I have no way to tell them this

jessed03
10-11-2013, 05:33 PM
The answer:

546

jessed03
10-11-2013, 05:35 PM
Or: (depending on preference)

547

Justin J
10-11-2013, 05:39 PM
The answer:

546

That is not the answer. A baby is the answer and I will show to them how they judge me but not my child... The lady in our hostel is very nice but I can't talk to her because of my face. She is capable of understanding oh don't get me wrong she is very intelligent. I don't want a child, no I don't but people don't value me is why I'm here in the hostel. I WANT THE HOSPITAL. I told them there is no one here now. It is empty and the hospital has people with many problems who I CAN HELP. I WOULD LIKE TO HELP THEM. I LOVE CARING AND BRINGING NEW LIFE that people will accept. I have seen it happen before

jessed03
10-11-2013, 05:47 PM
If you cant talk to her, can you pass me her number so I can?

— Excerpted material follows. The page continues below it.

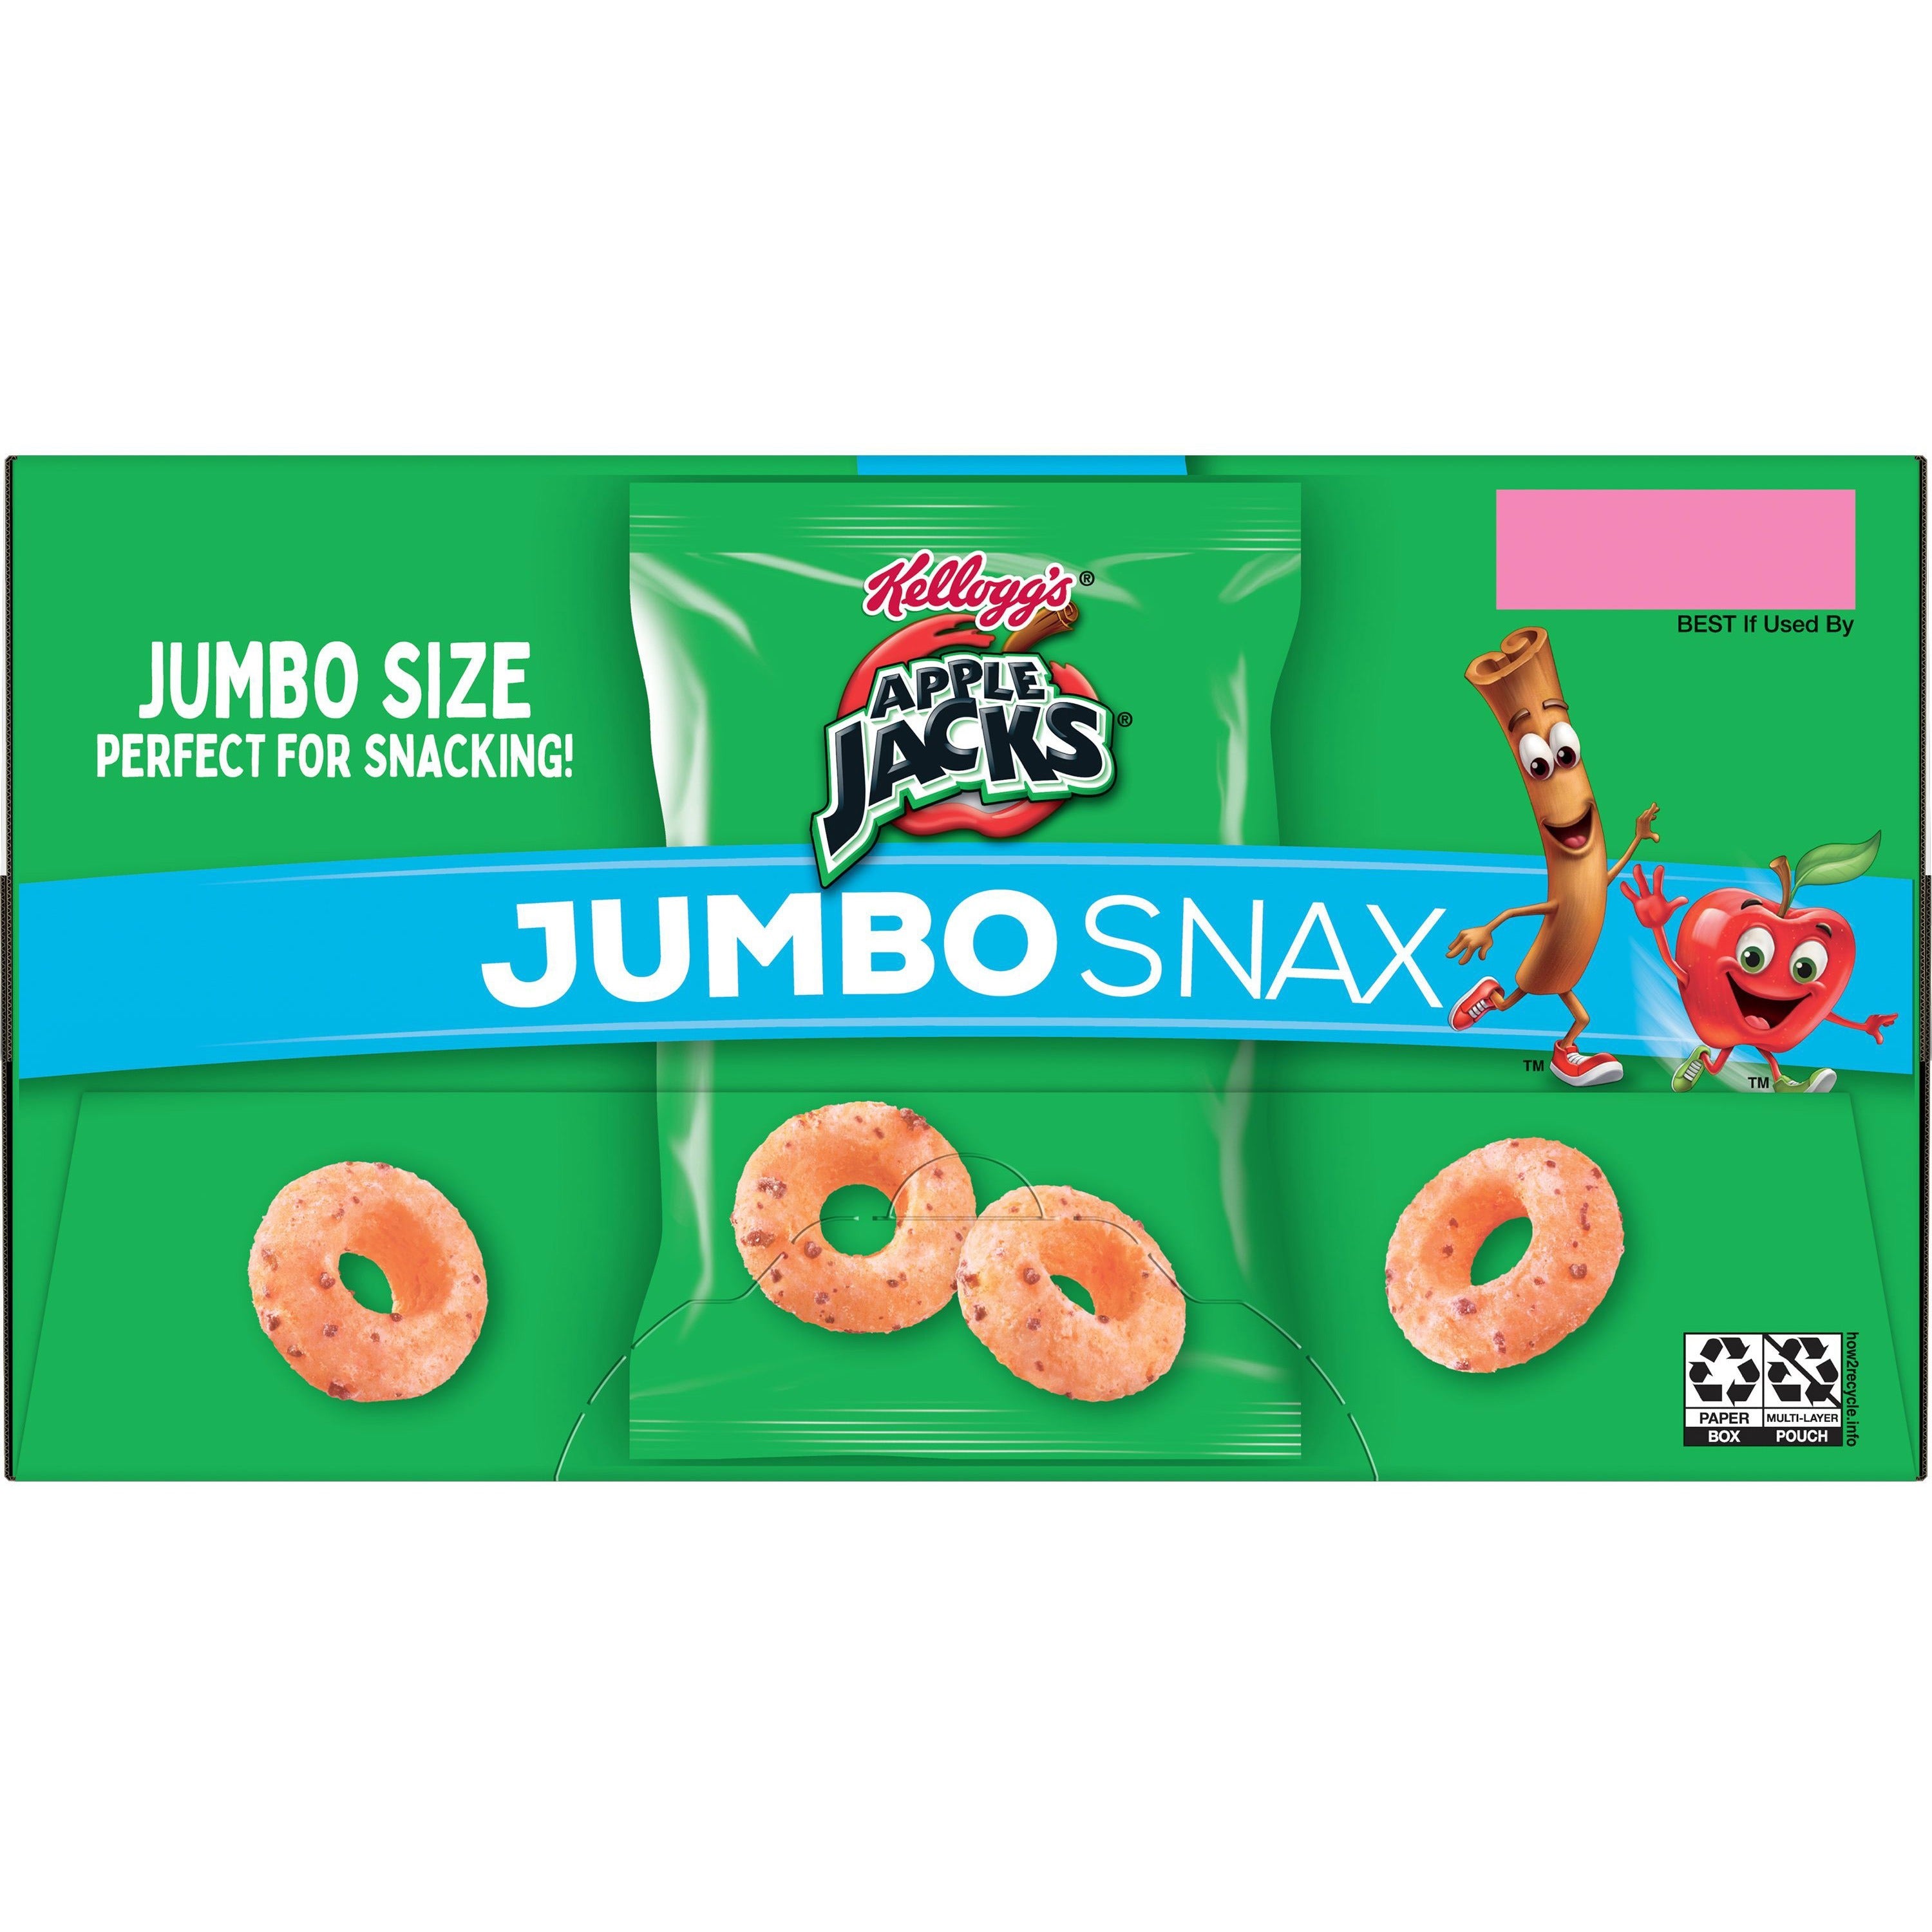 apple-jacks-jumbo-snax-cereal-snack-no-high-fructose-corn-syrup-apples-&-cinnamon-540-oz-12-box_keb23453 - 6

I have a gf, but I kinda want a harem of women, ya know?

I was thinking 8 wives. What do you think, too many, too few?

Women are trouble, leave her to me. I'll buy her a fashion mag to read.

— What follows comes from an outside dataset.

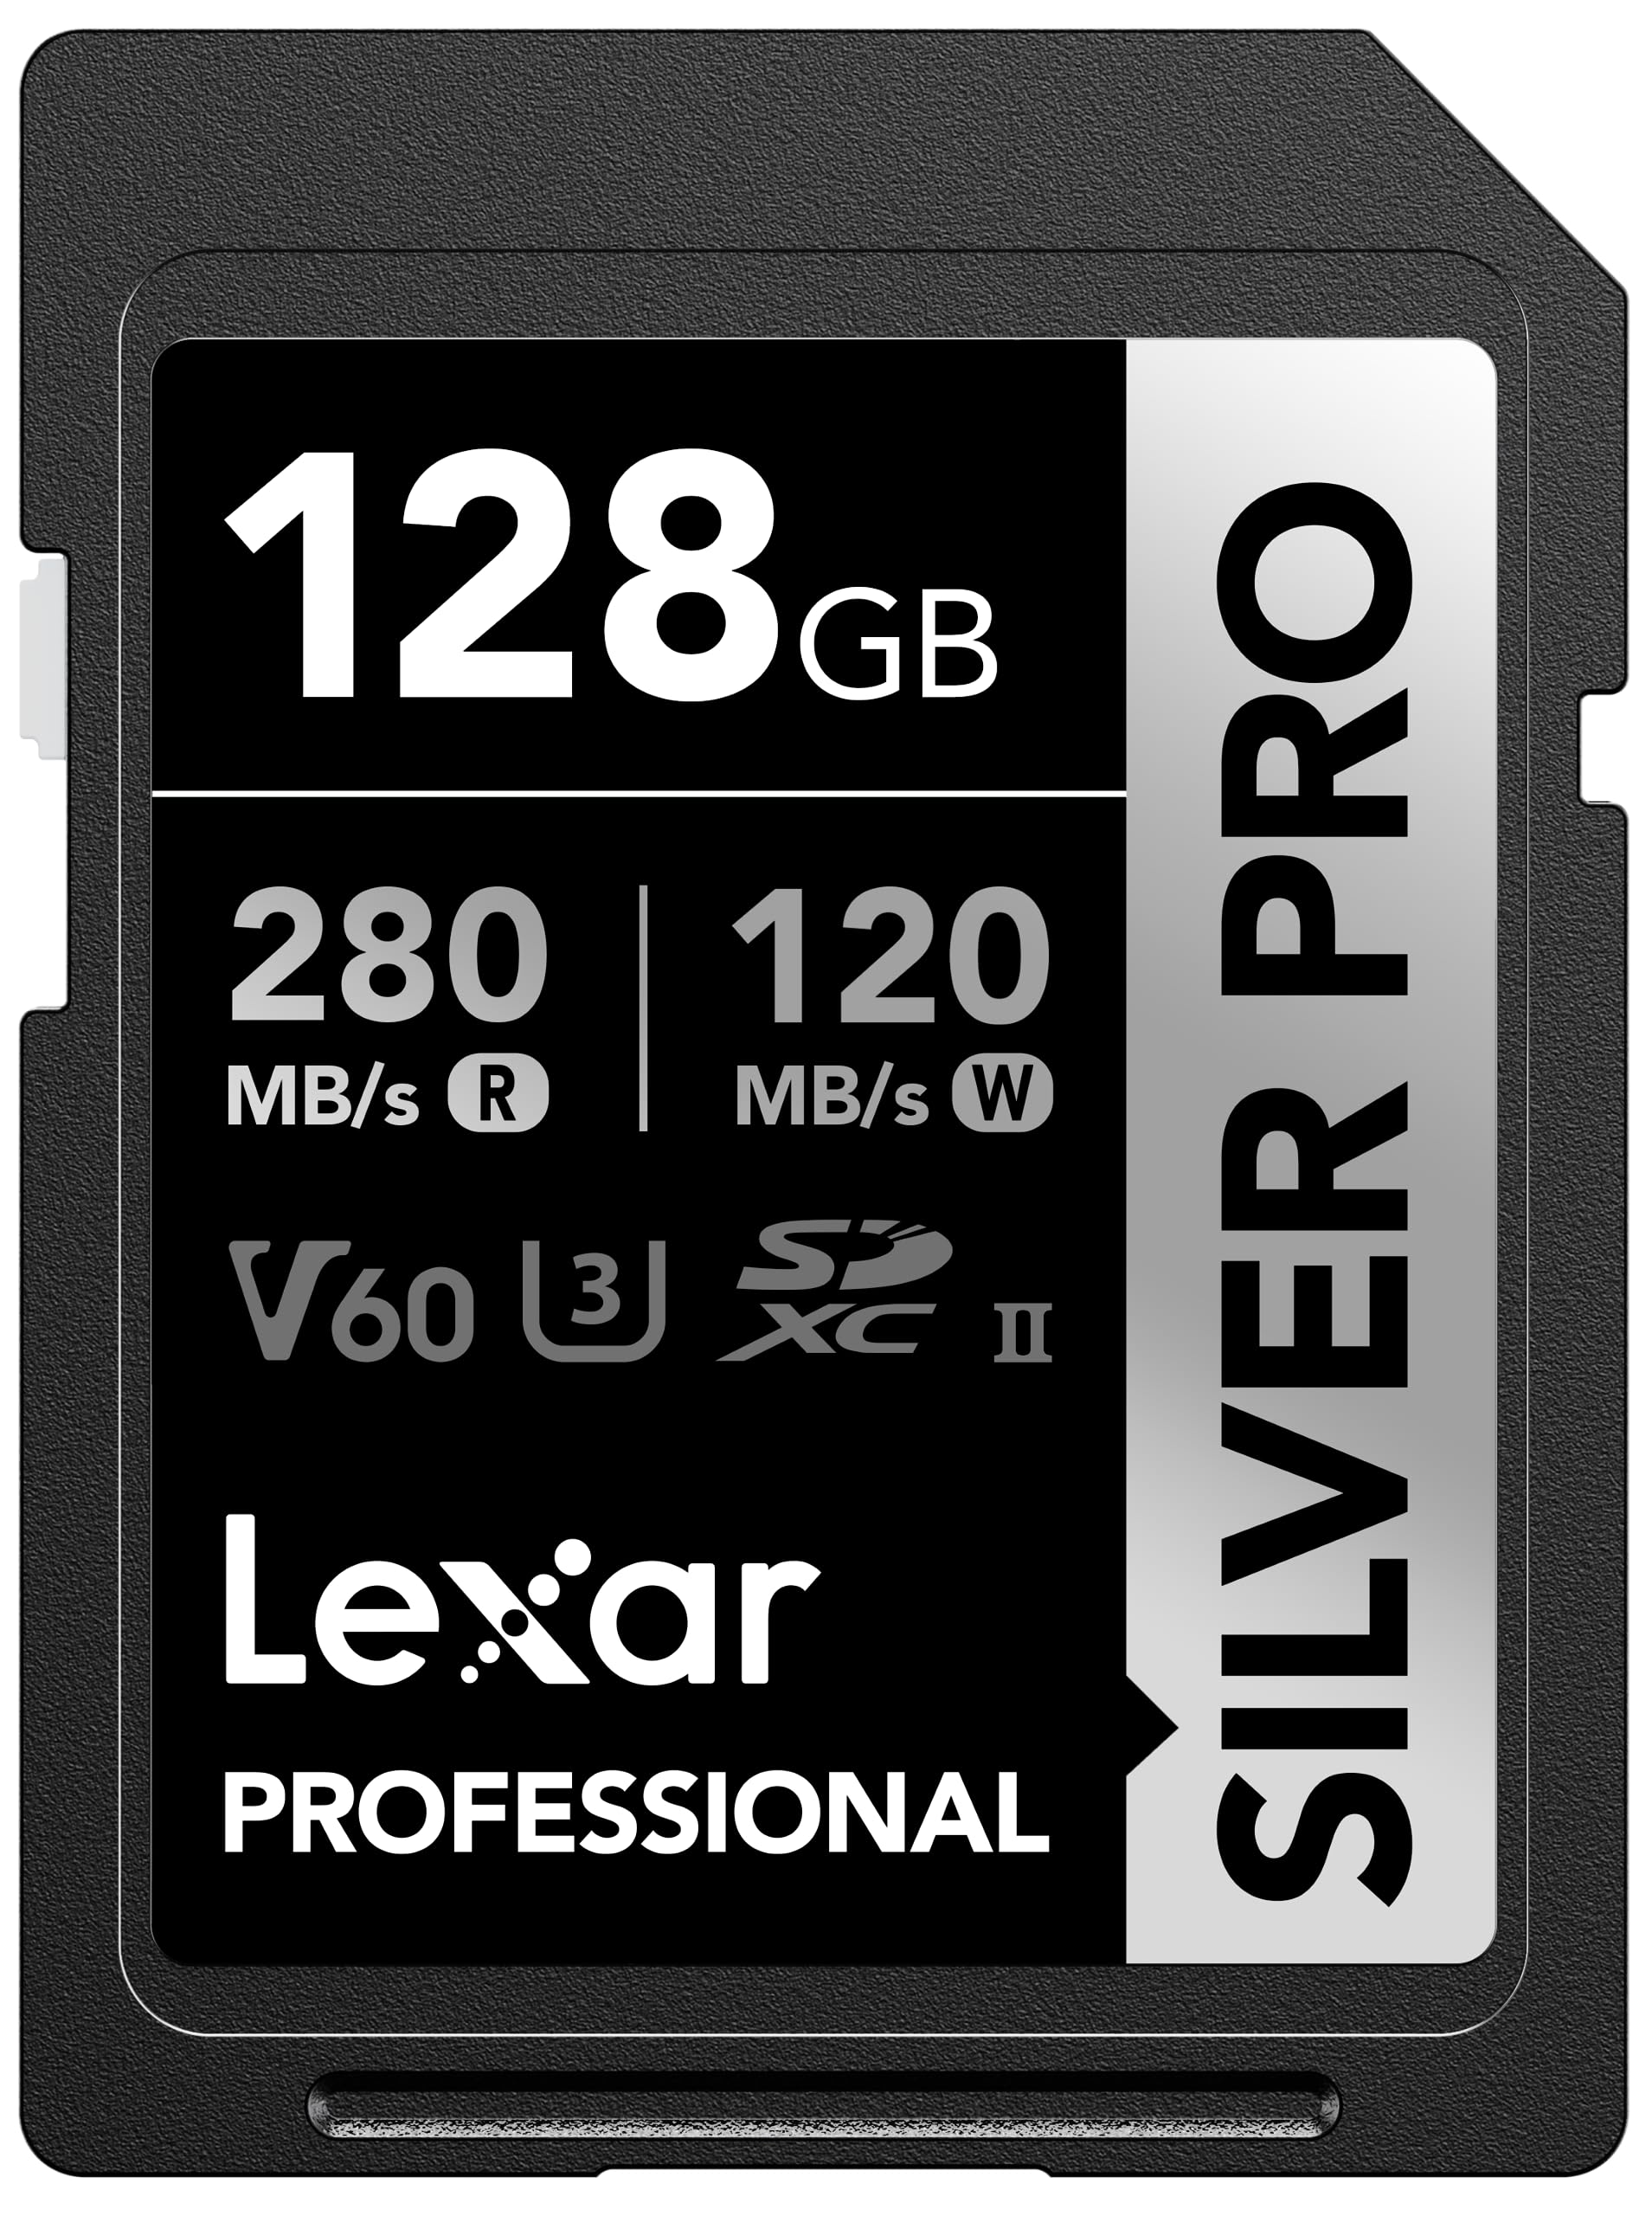 Lexar 128GB Professional 128GB SILVER PRO SDXC Memory Card, UHS-II, C10, U3, V60, Full-HD & 4K Video, Up To 280MB/s Read, for Professional Photographer, Videographer, Enthusiast (LSDSIPR128G-BNNNU)

Me and you can just smoke the green stuff. I dont do weed, but Ill do it once with you.

Justin J
10-11-2013, 05:54 PM
If you cant talk to her, can you pass me her number so I can? I have a gf, but I kinda want a harem of women, ya know?

I was thinking 8 wives. What do you think, too many, too few?

Women are trouble, leave her to me. I'll buy her a fashion mag to read.

Me and you can just smoke the green stuff. I dont do weed, but Ill do it once with you.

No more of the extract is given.